■ WHAT YOU ARE ASKED TO DO: Without the pictures, restate all of the data below word for word.

■ DATASET EXCERPTS:
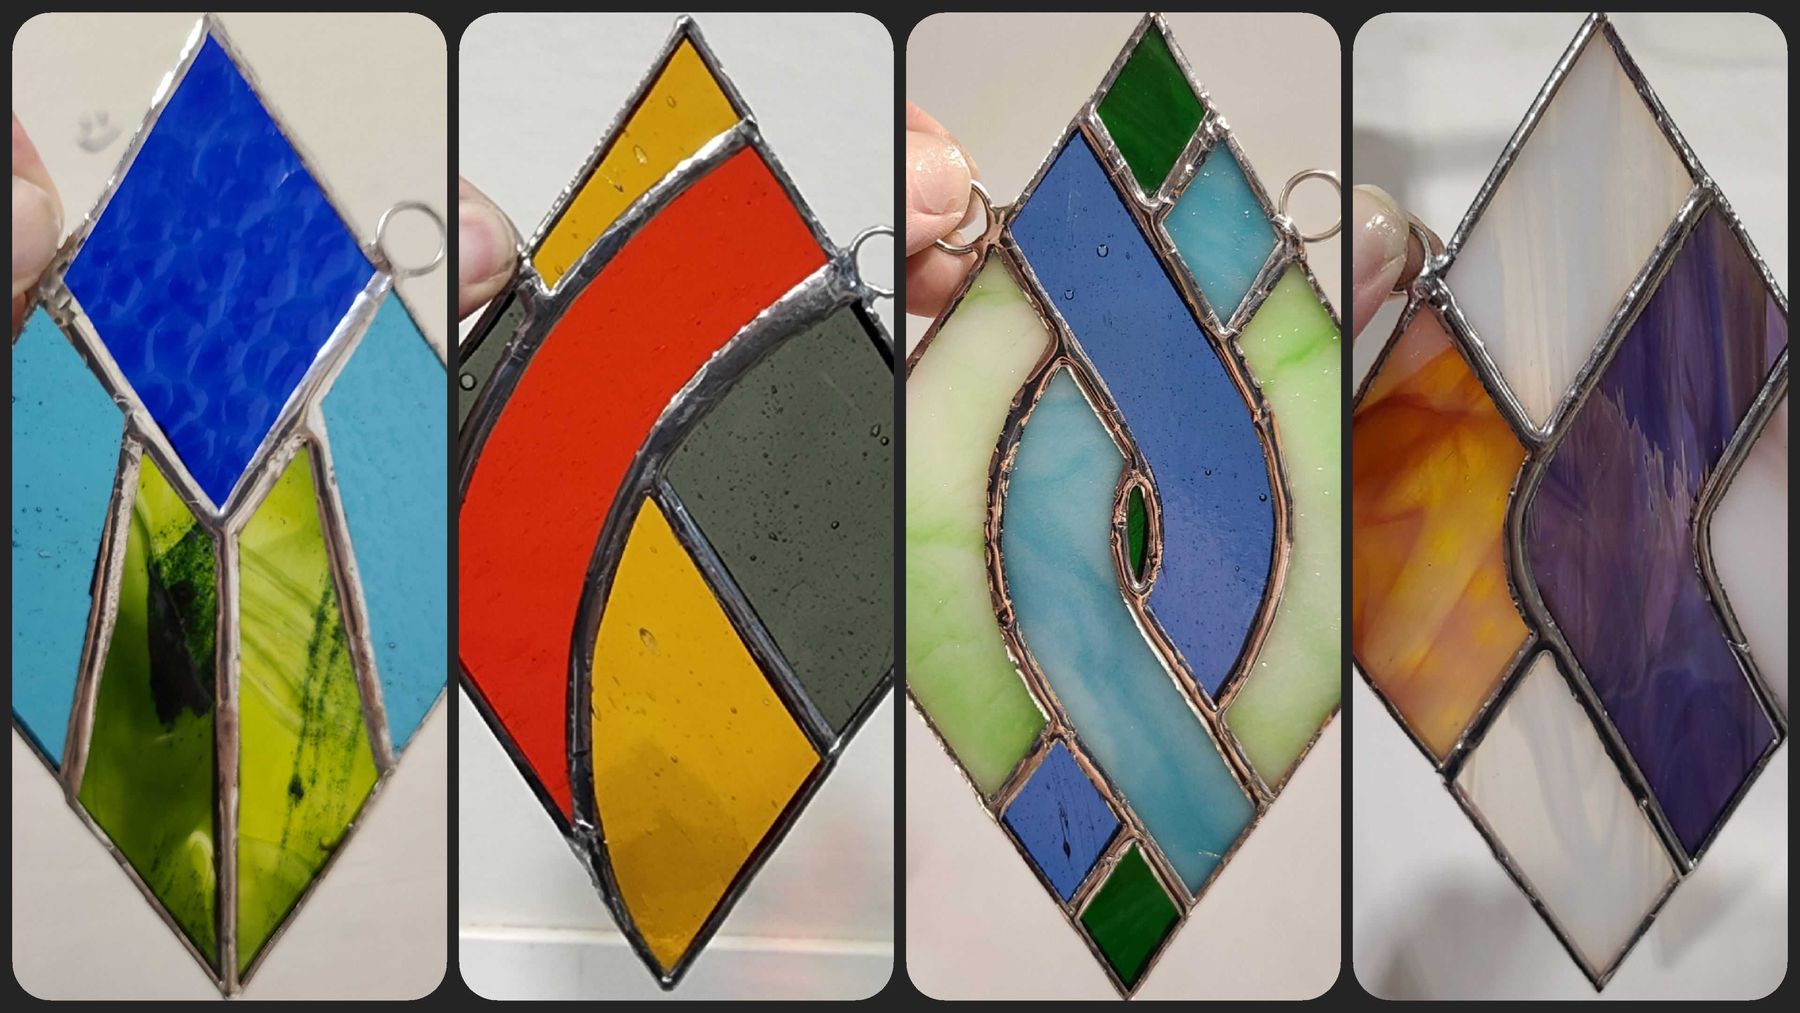 LAW - TinkerMill Intro to Stained Glass- Weekday Series! 9/11, 9/13 and 9/15
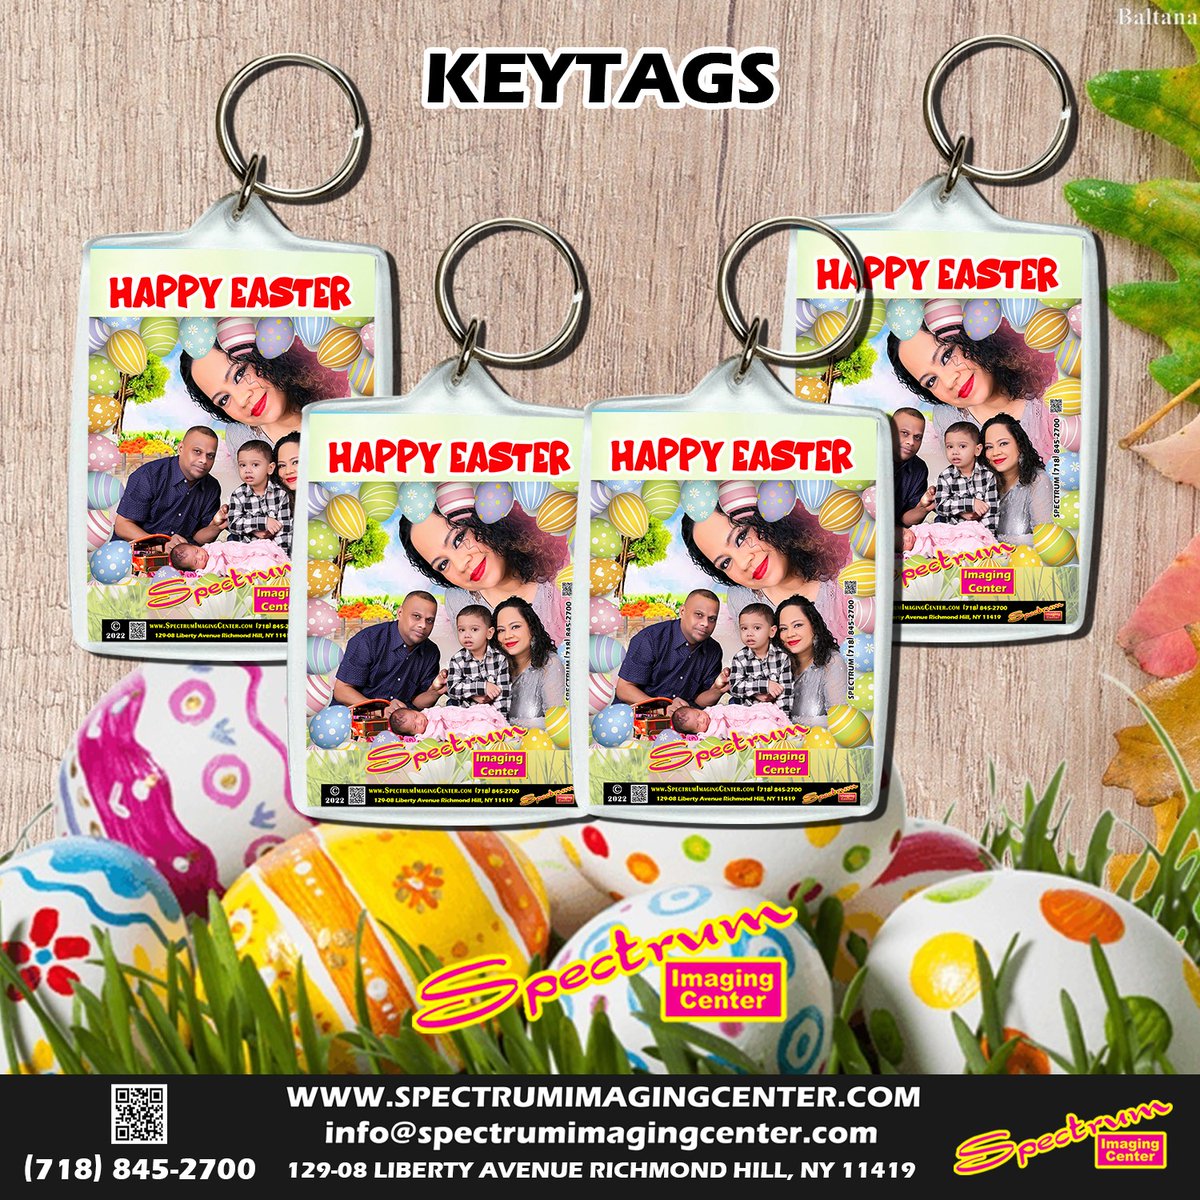 Custom Design Your Keychains today!!- Easter 2023.
Key tags set of 4 for just $20.00.
#easterkeytags #keytags2023 #style #fashion #giftitems 
#spc #keychainsforsale #keyrings 
#Spectrum_Imaging_Center
Since 1973
129-08 Liberty Ave
Richmond Hill, NY 11419
Phone# 718-845-2700
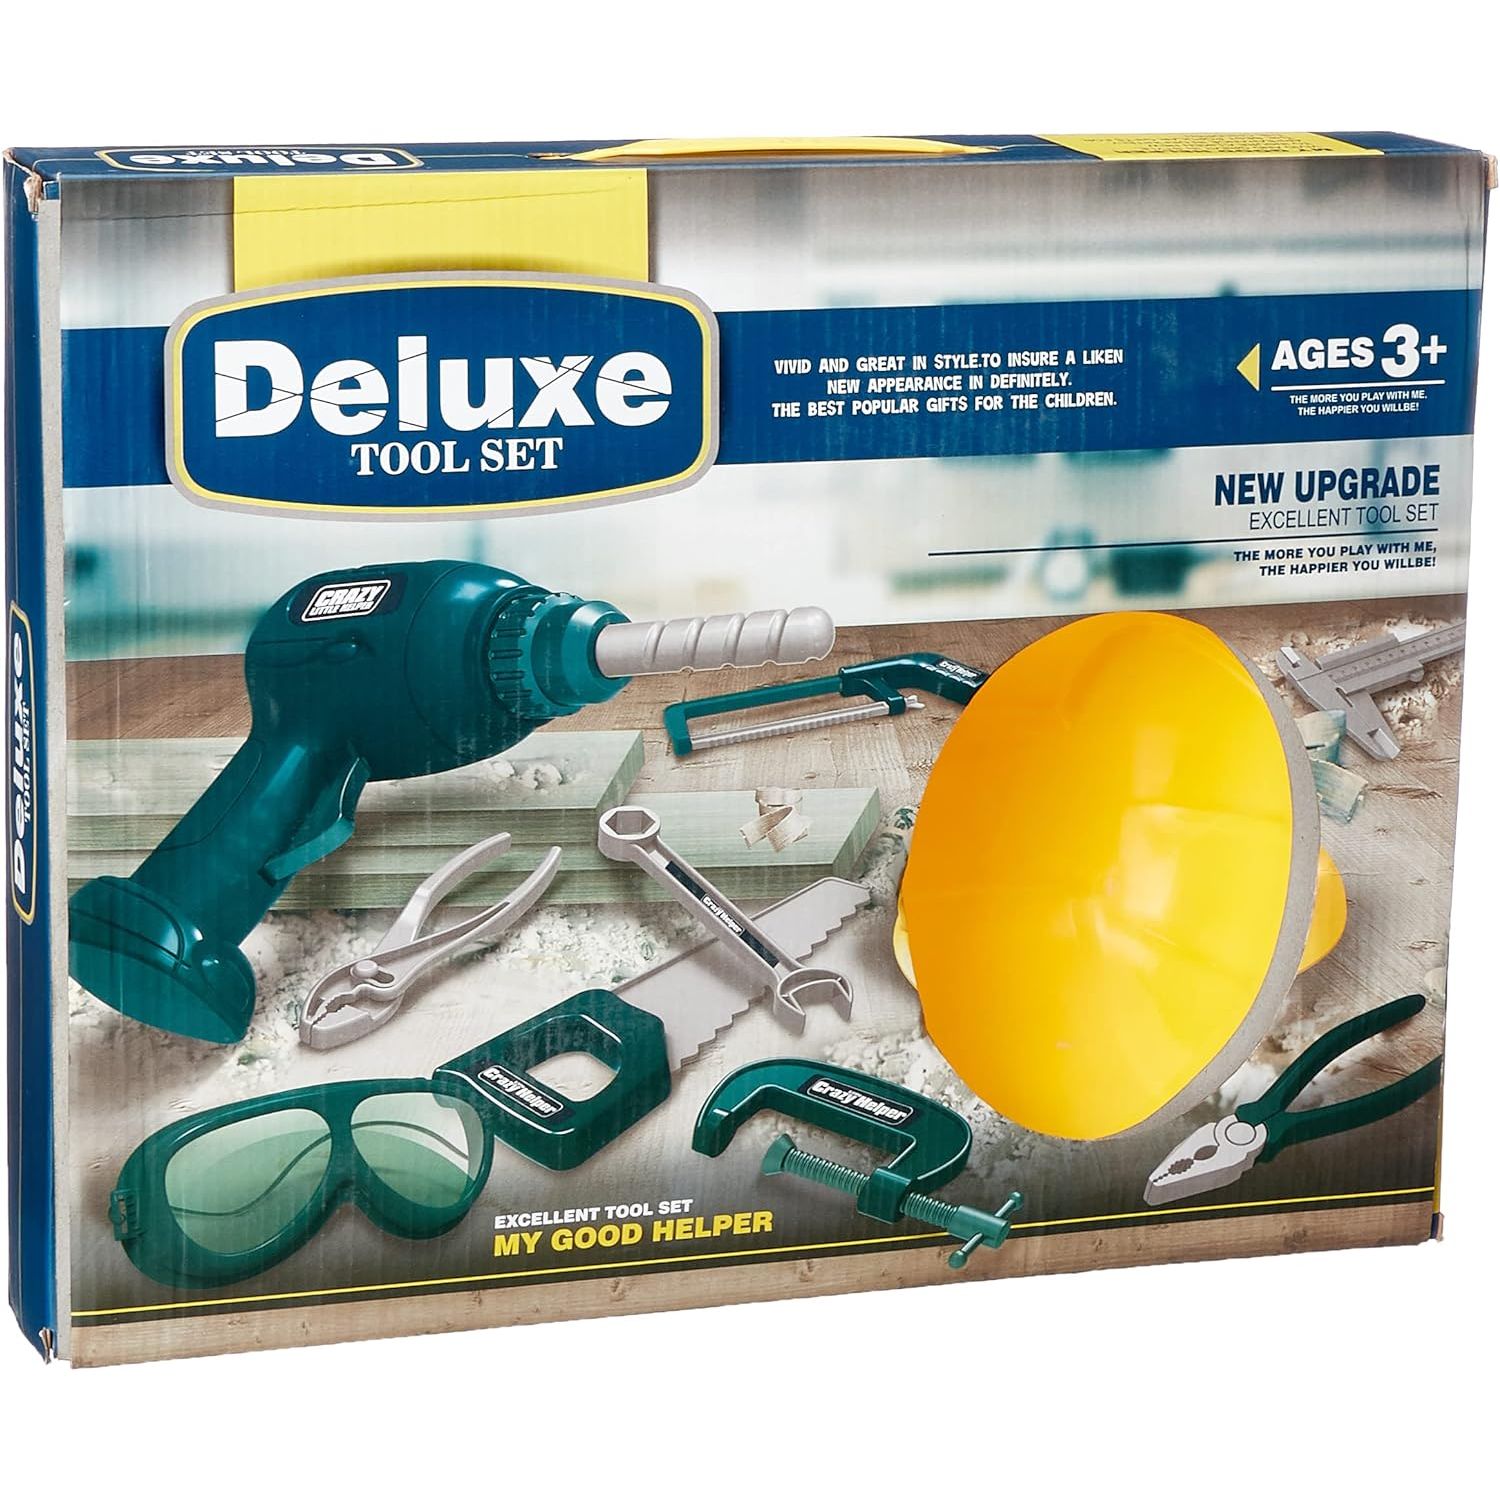 Deluxe tool set New Upgrade Excellent Tool Set for kids 15 PCS - 3288-F1
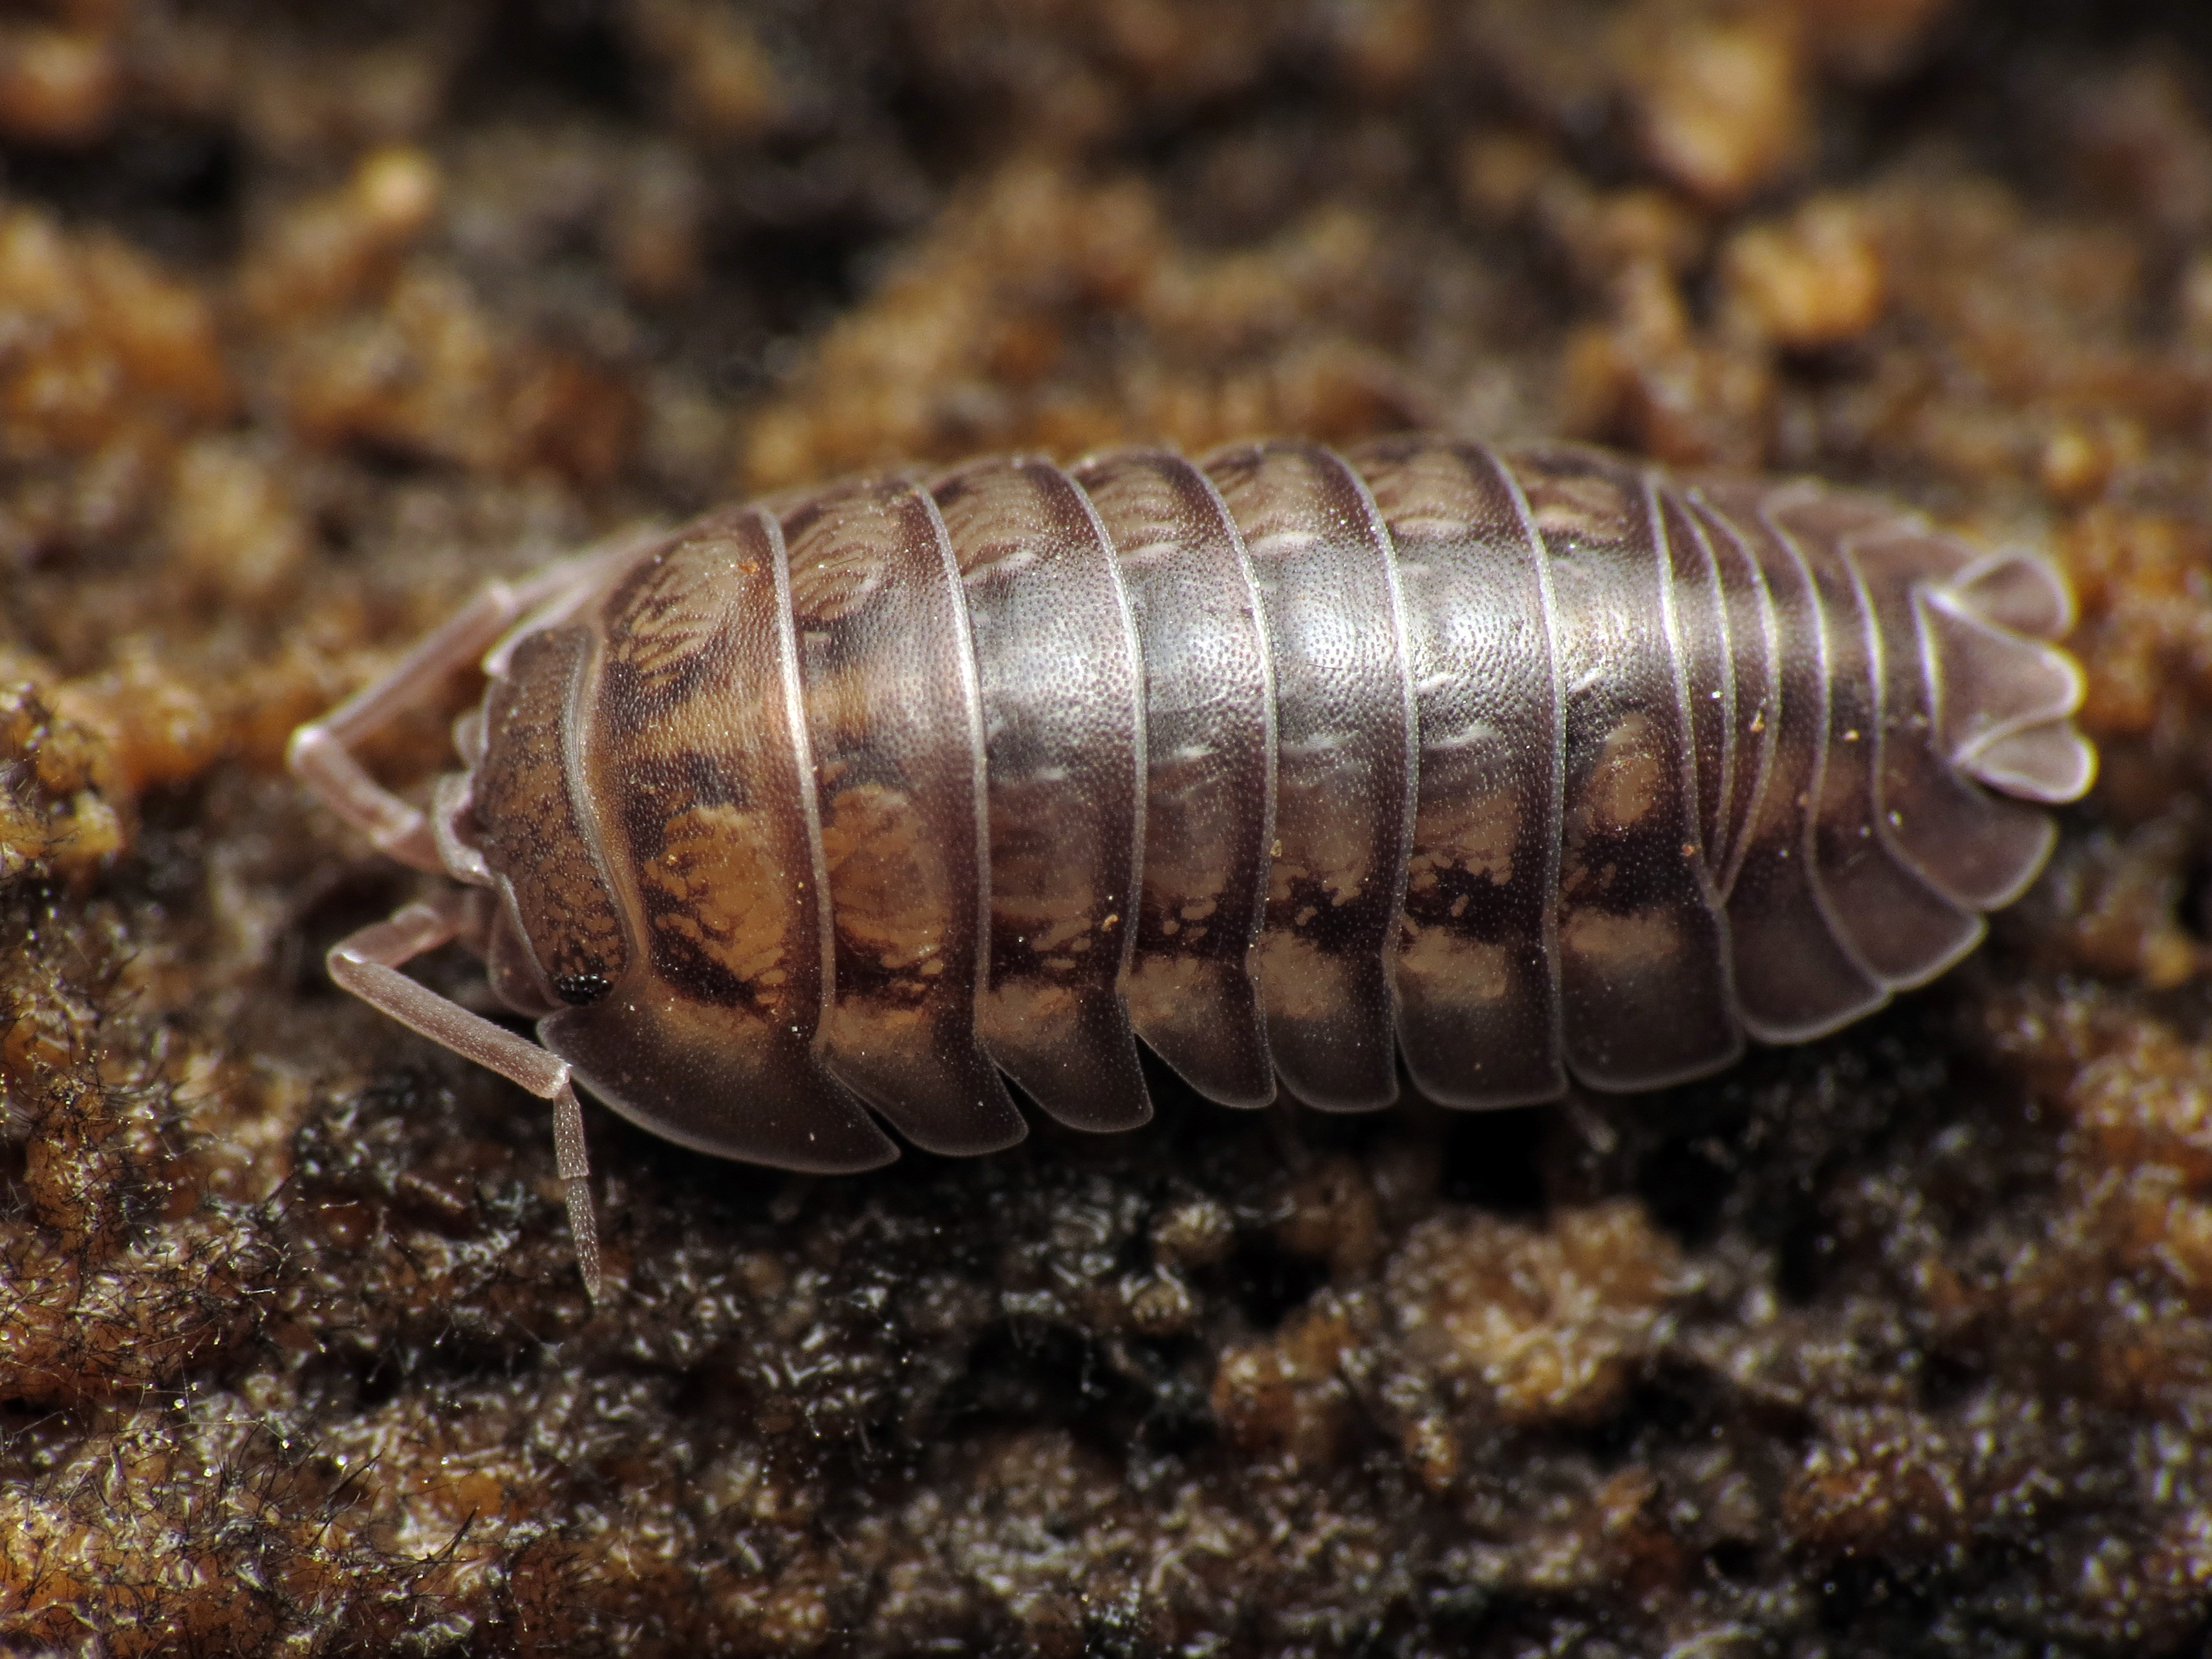 Close up photo of a brown, segmented critter with elliptical, flattened dome-shaped armor. Wood louse, pill bug or roly poly, pick up a piece of wood that’s been in the dirt for a while and there she’ll be, with a bunch of her closest friends and relations.

■ COMPLETED EXERCISE:
 LAW - TinkerMill Intro to Stained Glass- Weekday Series! 9/11, 9/13 and 9/15
 Custom Design Your Keychains today!!- Easter 2023.
Key tags set of 4 for just $20.00.
#easterkeytags #keytags2023 #style #fashion #giftitems 
#spc #keychainsforsale #keyrings 
#Spectrum_Imaging_Center
Since 1973
129-08 Liberty Ave
Richmond Hill, NY 11419
Phone# 718-845-2700
 Deluxe tool set New Upgrade Excellent Tool Set for kids 15 PCS - 3288-F1
 Close up photo of a brown, segmented critter with elliptical, flattened dome-shaped armor. Wood louse, pill bug or roly poly, pick up a piece of wood that’s been in the dirt for a while and there she’ll be, with a bunch of her closest friends and relations.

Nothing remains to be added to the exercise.